Is natural history bound by deterministic laws of physics and biology, or could things have worked out differently? Nature has a form of choice, "what I call 'bifurcation,'" wrote the late Ilya Prigogine, father of "chaos theory," in the Winter 2004 issue of New Perspectives Quarterly:
In complex natural systems, just as in society, the future is not given. Within bounds, it can go this way or that. Events in nature correspond to novelties that we find at all levels from cosmology to microbiology. We may thus speak of the "creativity" of nature" . . .
Though the past may now seem to have been determined, it is actually one realization among many possibilities that could have occurred. Similarly, the future is not determined because there will be events, the outcome of which we cannot predict . . .
In large societies, we see collective motions. Accordingly, the role of individual activity is drastically reduced. Human societies could face the same evolution when tied together by networks.

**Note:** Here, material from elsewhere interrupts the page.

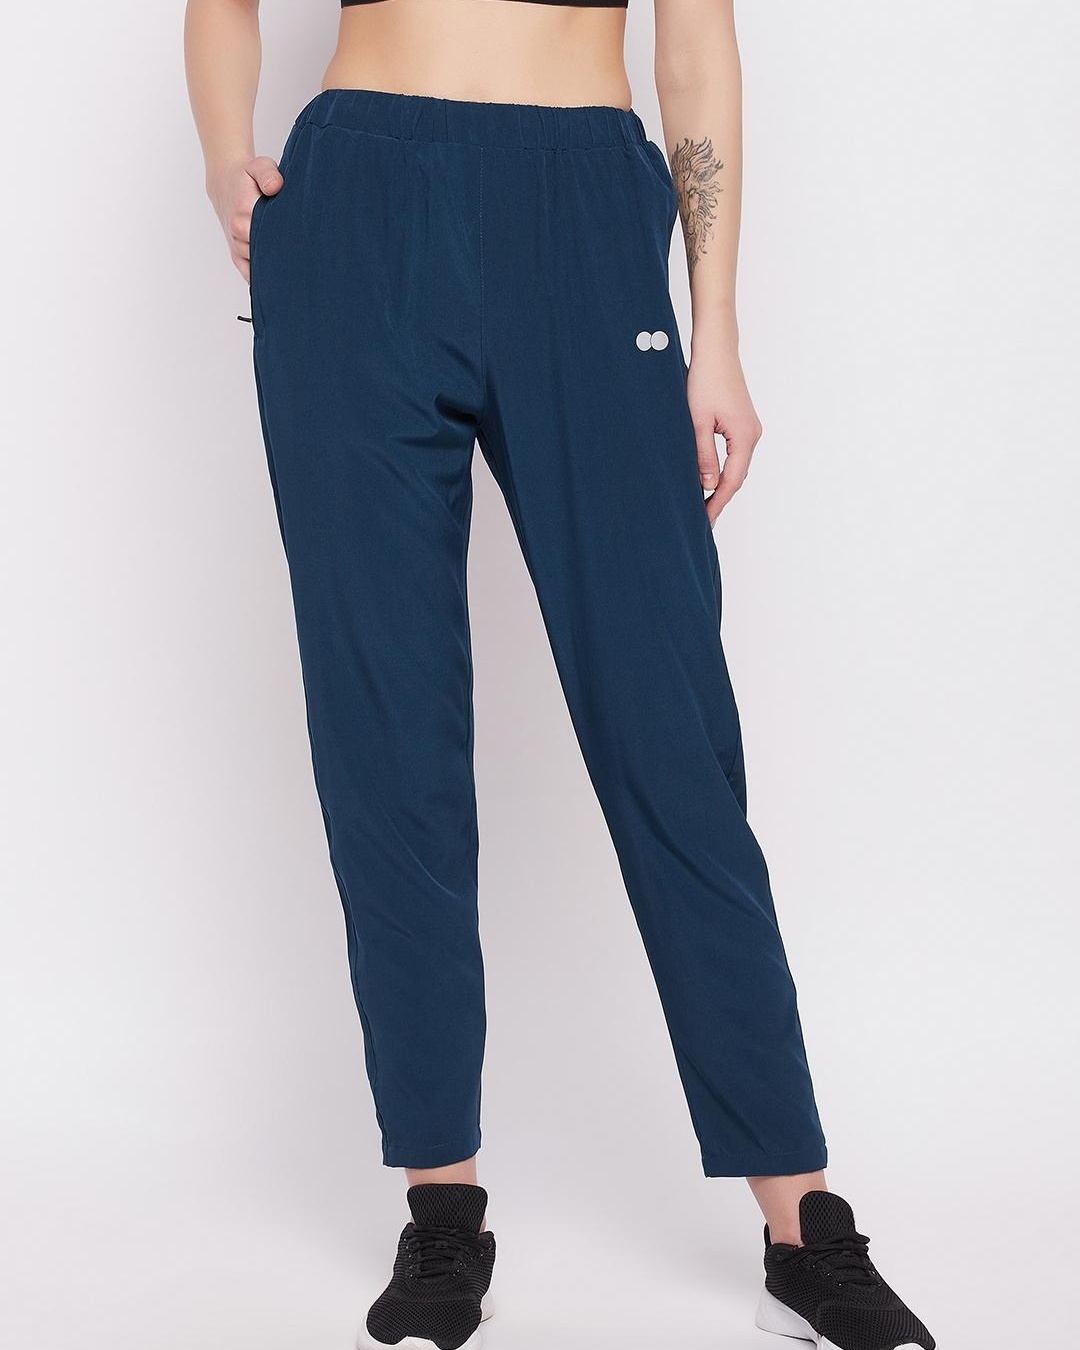 Embossed Wide Leg Track Pants - Navy Blue | Women's Trousers & Yoga Pants |  Sweaty Betty
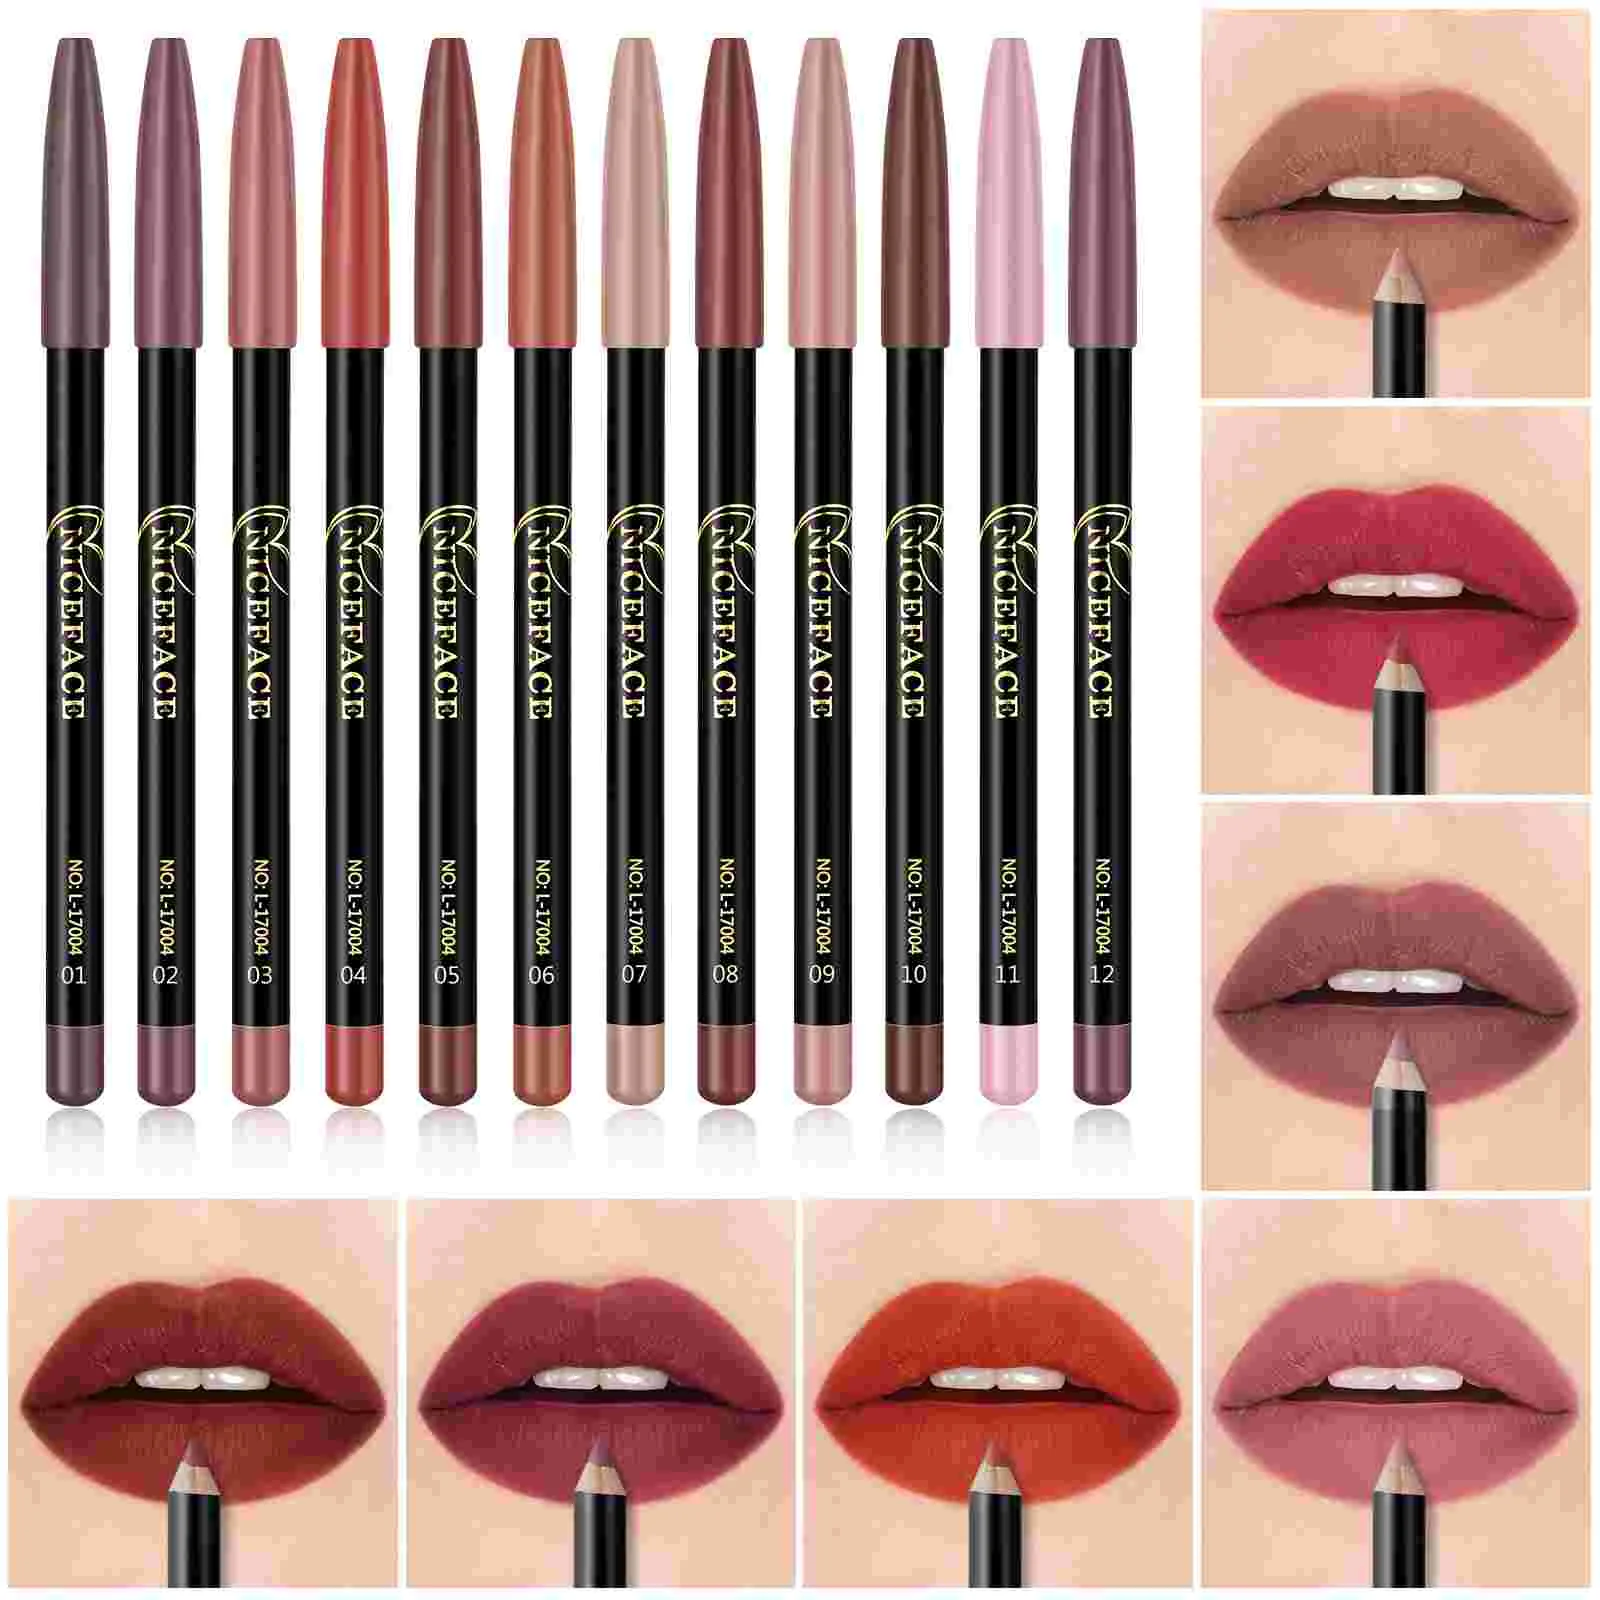 

Minkissy 12Pcs Makeup Lip Liner Set Waterproof Lip Line Pencils 12 Colors Lip Shaping for Women Lady Fashion and Lipstick

Years ago I studied traffic flows. I found that when the flow of traffic was light, each driver behaved more or less as he wanted. I called that an "individual regime." But when the flow becomes more and more dense, the characteristics of a "collective regime" take over in which everybody is pushing the other and is pushed by the other . . .
The future is not given. Especially in this time of globalization and the network revolution, behavior at the individual level will be the key factor in shaping the evolution of the entire human species. Just as one particle can alter macroscopic organization in nature, so the role of individuals is more important now than ever in society.
The power of an individual to start a meme in the blogosphere comes to mind. Have you heard the one about John Kerry and a "statuestque blonde" twentysomething at the Beacon Hill townhouse while Teresa Heinz was out of town? Of course you have. It started February 6 with a blogger who works for Wesley Clark, and yesterday it hit the bigtime on Drudge. Andrew Sullivan reports it's on the front page of the London Times this morning.